• TASK GOAL:
Every line of the data below is to be duplicated exactly, pictures excepted.

• DATA EXTRACT:
———

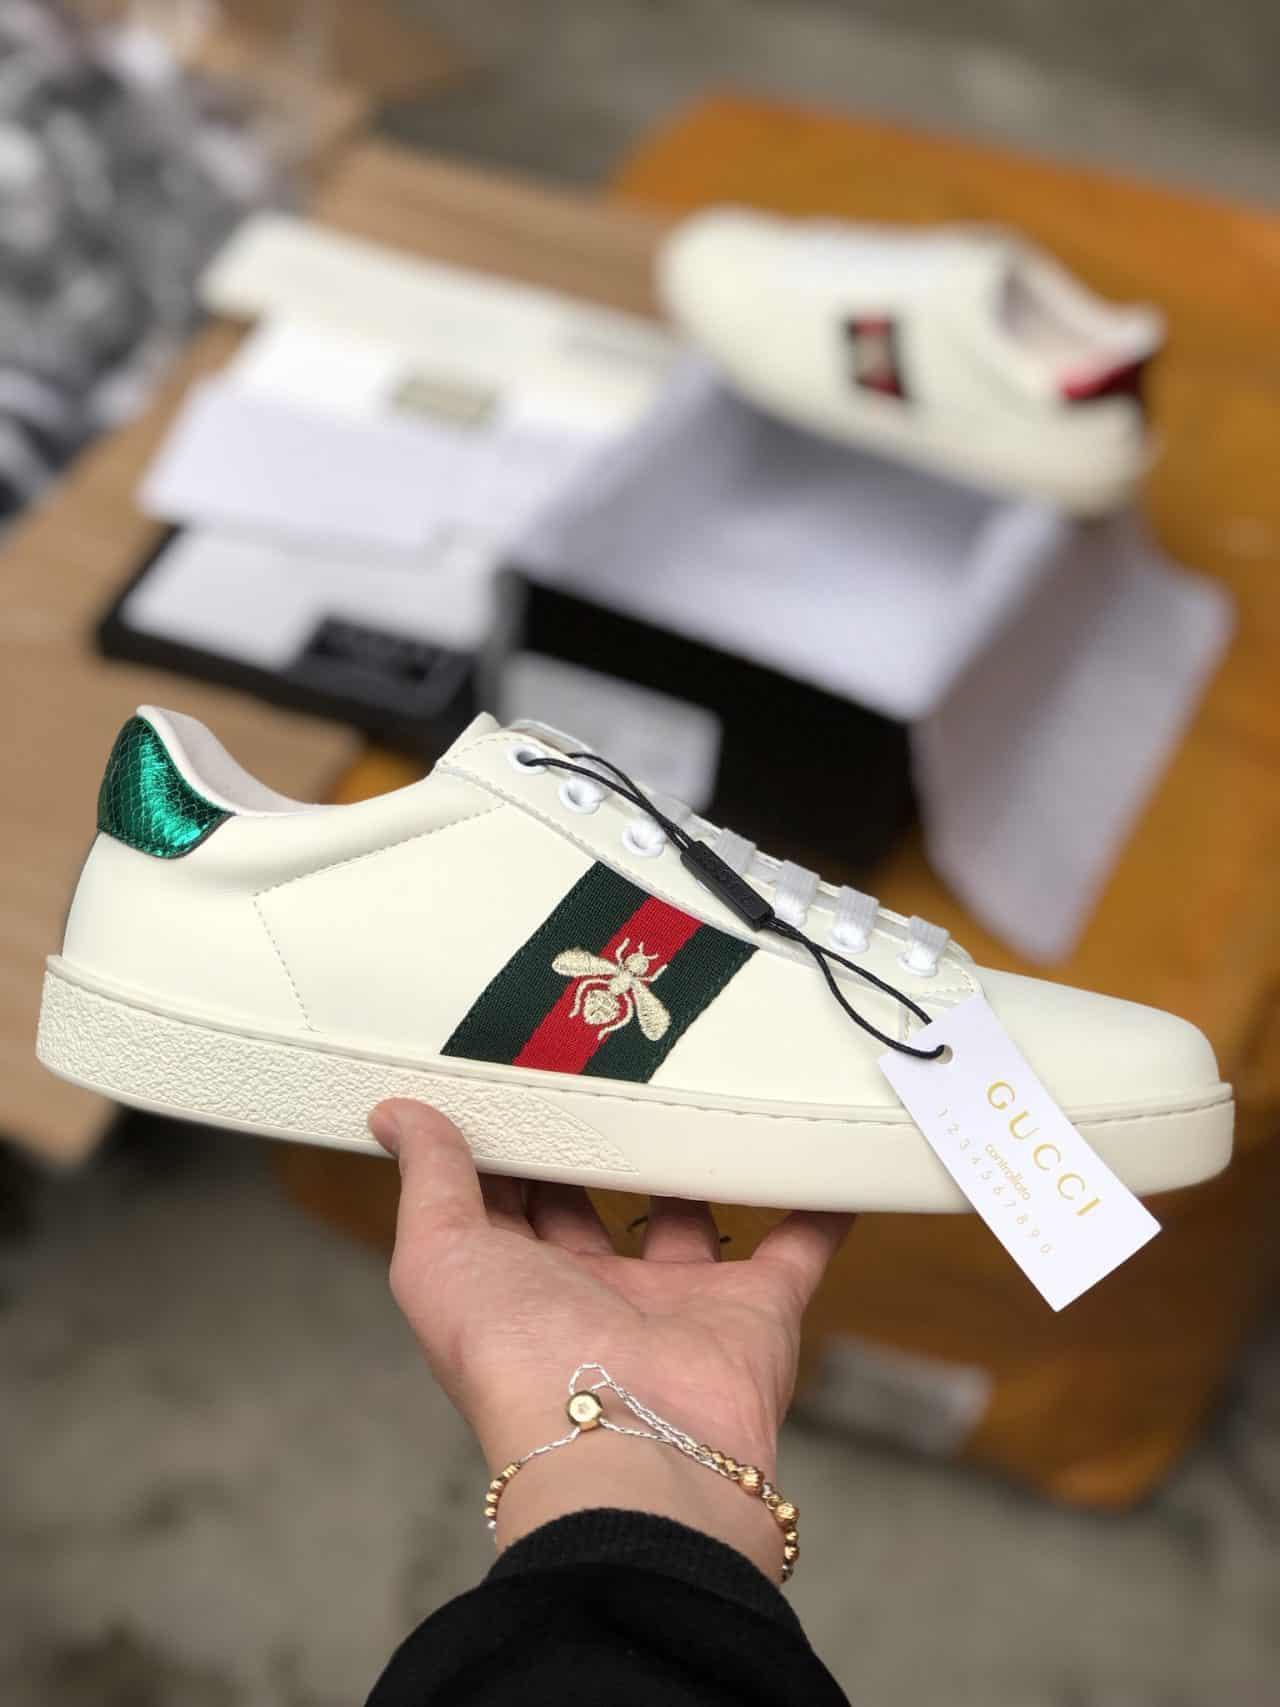 Giày Gucci Ong Rep 1:1 được ưa chuộng trên toàn cầu bởi thiết kế tối giản
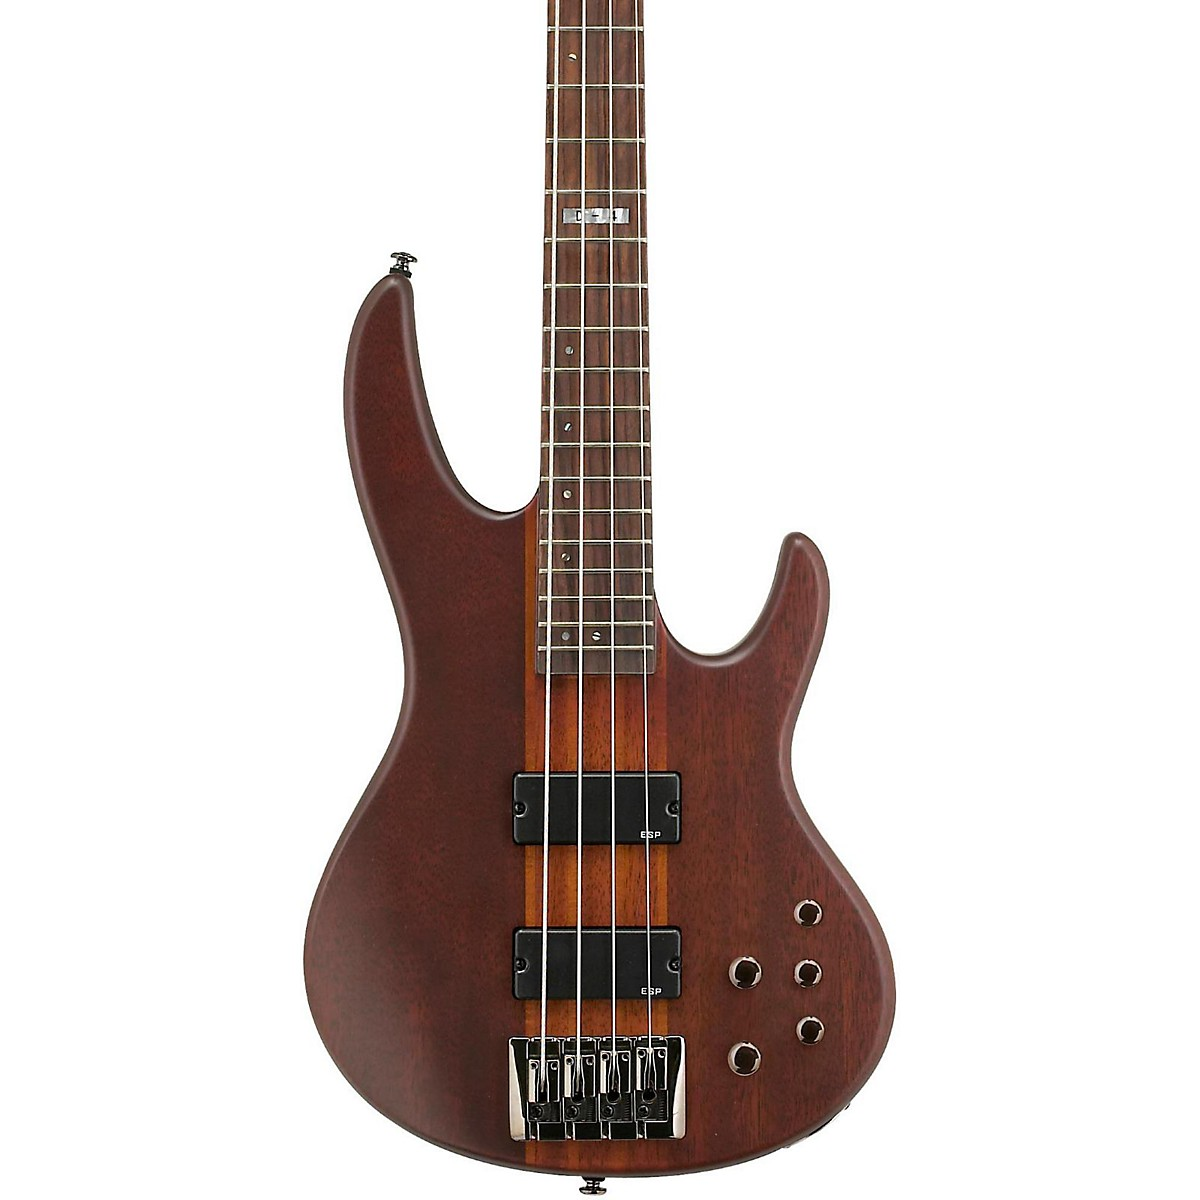 ESP LTD D-4 Bass Guitar
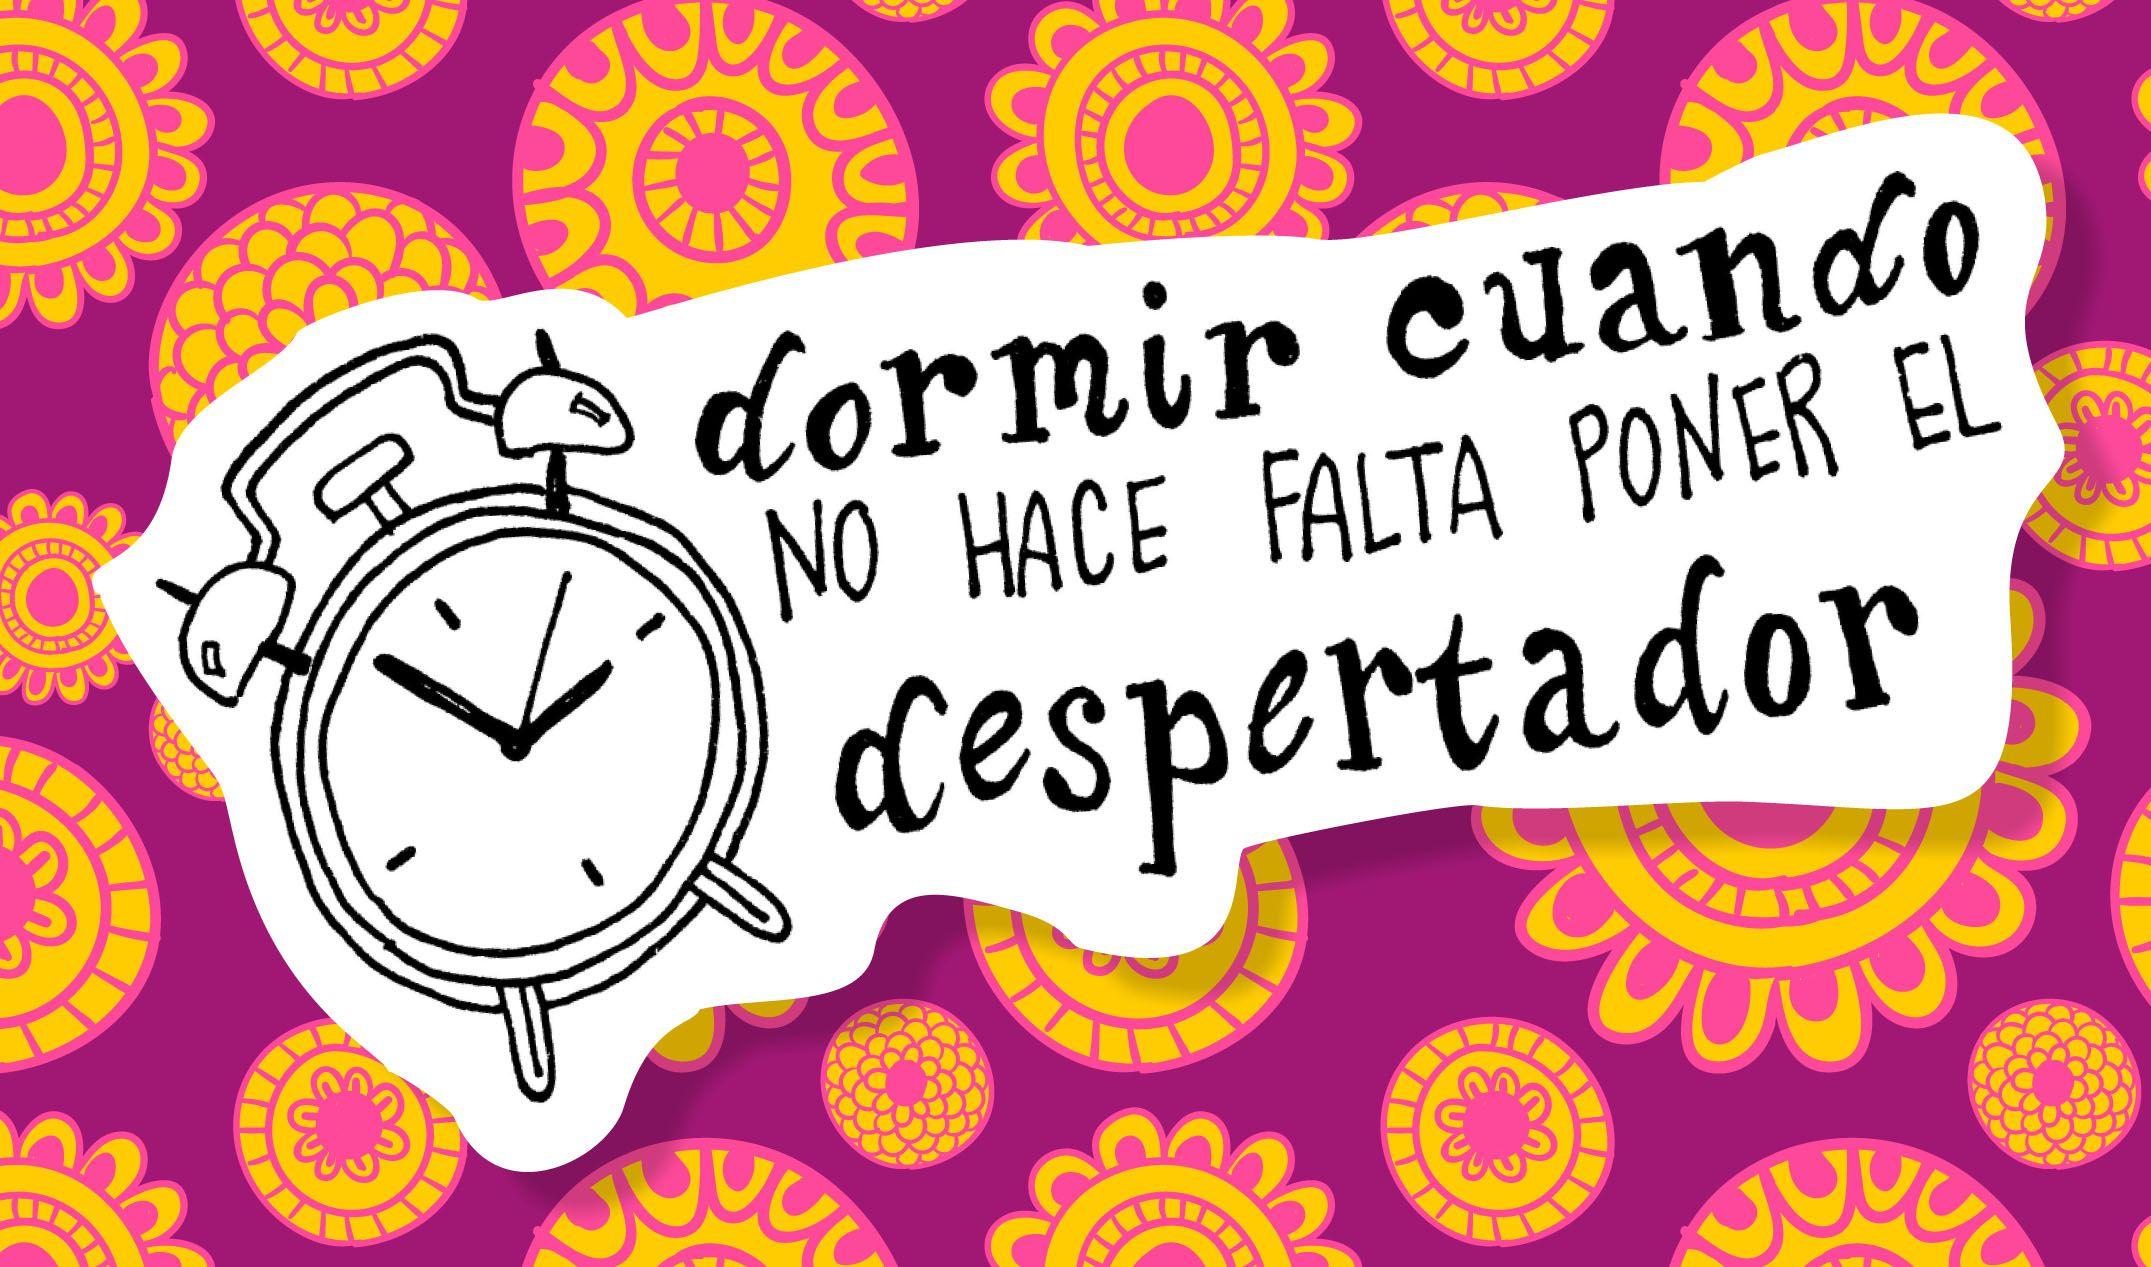 Dormir sin poner despertador - Disfruta Las Cosas Pequeñas - Gloria Garcia Mata

———

• OUTPUT:
 Giày Gucci Ong Rep 1:1 được ưa chuộng trên toàn cầu bởi thiết kế tối giản
 ESP LTD D-4 Bass Guitar
 Dormir sin poner despertador - Disfruta Las Cosas Pequeñas - Gloria Garcia Mata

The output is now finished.